SoZ - Sozialistische Zeitung |
Vor 20 Jahren, im Juni 1988, ging der spektakuläre Kampf der Belegschaft
gegen die Totalschließung des Hüttenwerks in Duisburg-Rheinhausen zu Ende. Er bleibt eine
Landmarke in der jüngeren Geschichte der Arbeiterbewegung in Deutschland.
Was in den 160 Tagen zwischen dem
Beginn des Kampfes am 27.11.1987 und dem im Juni 1988 erreichten Kompromiss an hartnäckigem
Widerstand geleistet und an neuen und mutigen Kampfformen erprobt wurde, bleibt so legendär wie die
großartige praktische Solidarität. Mit Krupp Rheinhausen waren Grundfragen des
Selbstverständnisses nicht nur der IG Metall und zentrale Fragen gewerkschaftlicher
Strategie und Taktik aufgeworfen. Gewerkschaftsoffiziell wurden sie nie konsequent aufgearbeitet.

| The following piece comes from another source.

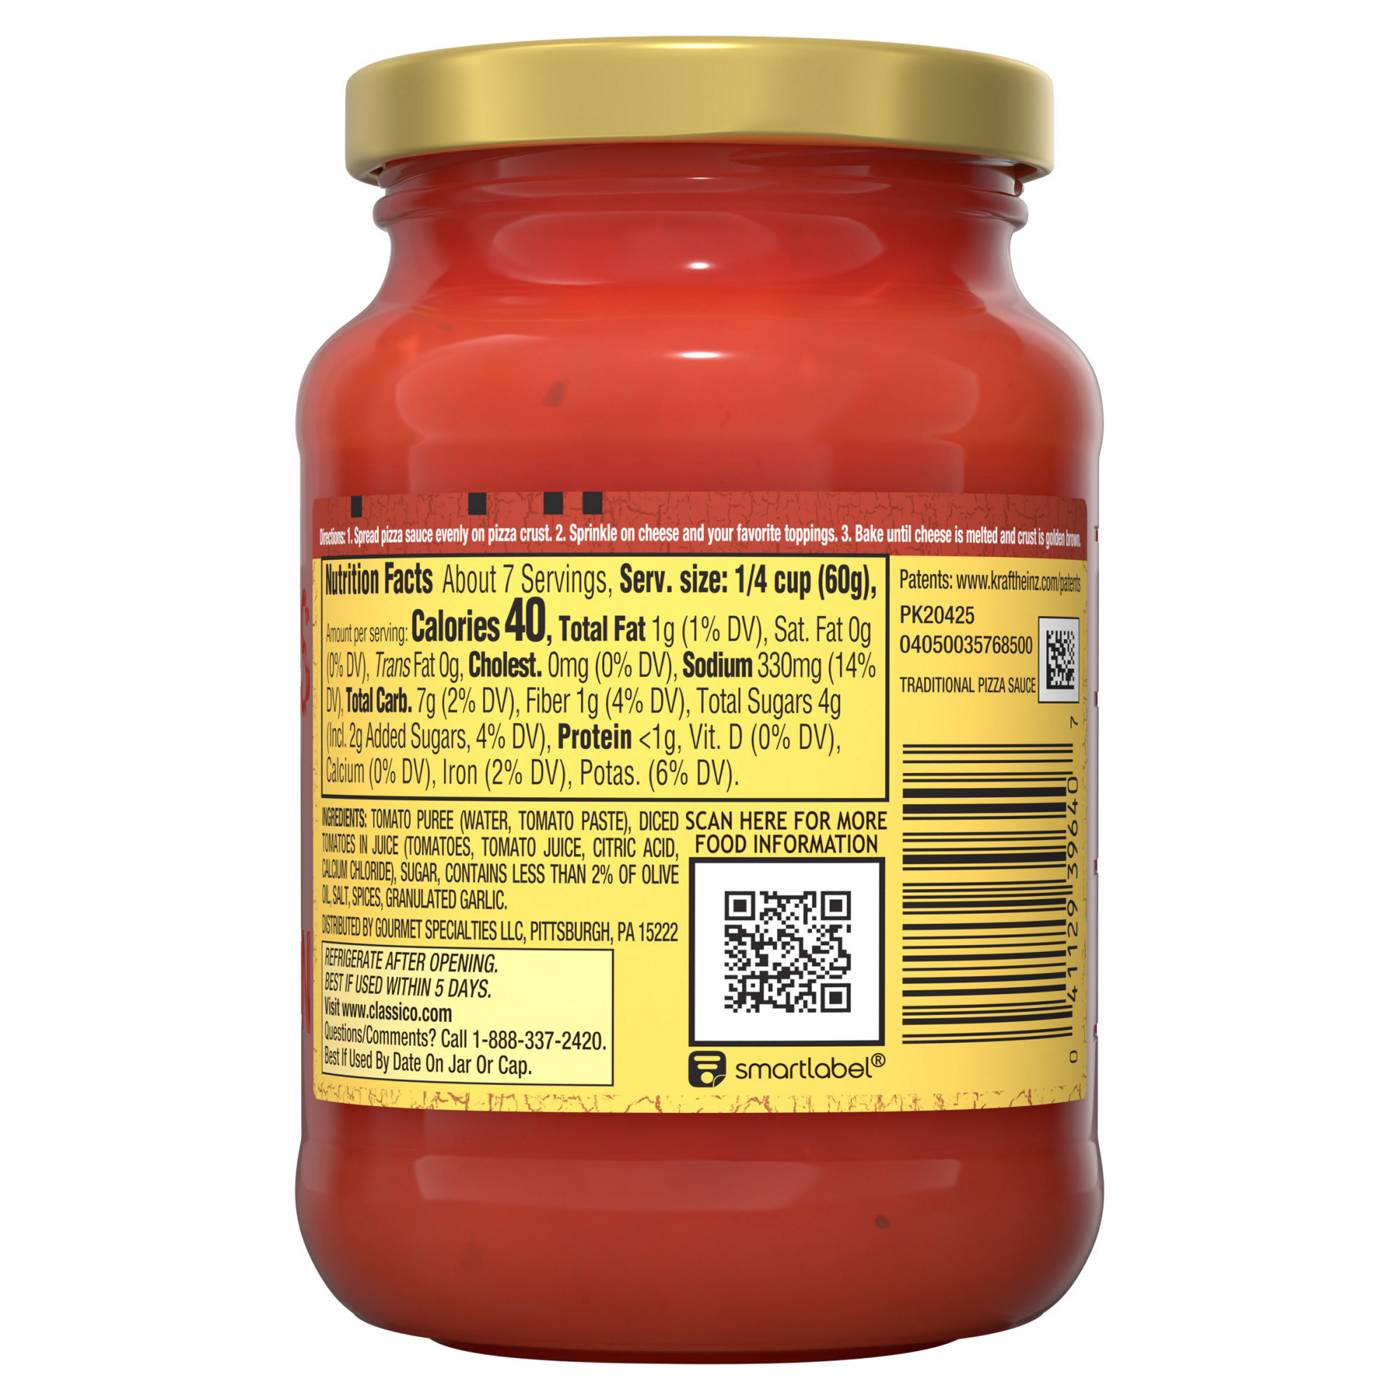 Classico Traditional Pizza Sauce; image 6 of 9

Auf dem Areal im Duisburger Stadtteil
Rheinhausen, wo heute ein expandierendes Logistikzentrum steht, ließ die Industriellendynastie Krupp,
später der Krupp-Konzern und zuletzt der fusionierte Konzern Krupp-Hoesch zwischen 1897 und 1993 Stahl
herstellen: mit über 16000 Beschäftigten in der Spitze, unter harten Arbeitsbedingungen,
angefangen bei Wechselschicht bis hin zu den physischen, psychischen und Umgebungsbelastungen; mit der
jeweils modernsten technischen Ausrüstung der Branche. Aber auch mit sehr unterschiedlichen
Profitraten, die in den 80er Jahren für die Kapitaleigner immer uninteressanter wurden.

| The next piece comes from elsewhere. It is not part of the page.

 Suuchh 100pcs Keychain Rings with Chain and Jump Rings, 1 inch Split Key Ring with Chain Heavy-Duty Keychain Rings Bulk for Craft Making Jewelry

Man muss wissen, dass gerade in der
Stahlbranche das in Großanlagen gebundene Kapital einen sehr hohen Anteil ausmacht und nur über
längere Zeiträume hohe Profite abwirft.Die zyklischen Konjunkturbewegungen führen hier
typischerweise in der Boomphase schnell zu hohen Profiten und in der Rezession schnell zu massiven
Verlusten. Seit den 70er Jahren war die Stahlbranche der kapitalistischen Welt allerdings auch in eine
massive Strukturkrise geraten. Hohe Produktivitätsfortschritte und Verdrängungswettbewerb bei
gleichzeitig ausbleibenden substanziellen Markterweiterungen hatten zwischen 1974 und 1986 allein in der
damaligen Bundesrepublik zur Vernichtung von über 130000 Arbeitsplätzen im Stahlbereich
geführt. Praktisch alle Standorte in der alten Bundesrepublik waren in der ersten Hälfte der 80er
Jahre von massiven Abbauprogrammen betroffen, viele existenziell bedroht.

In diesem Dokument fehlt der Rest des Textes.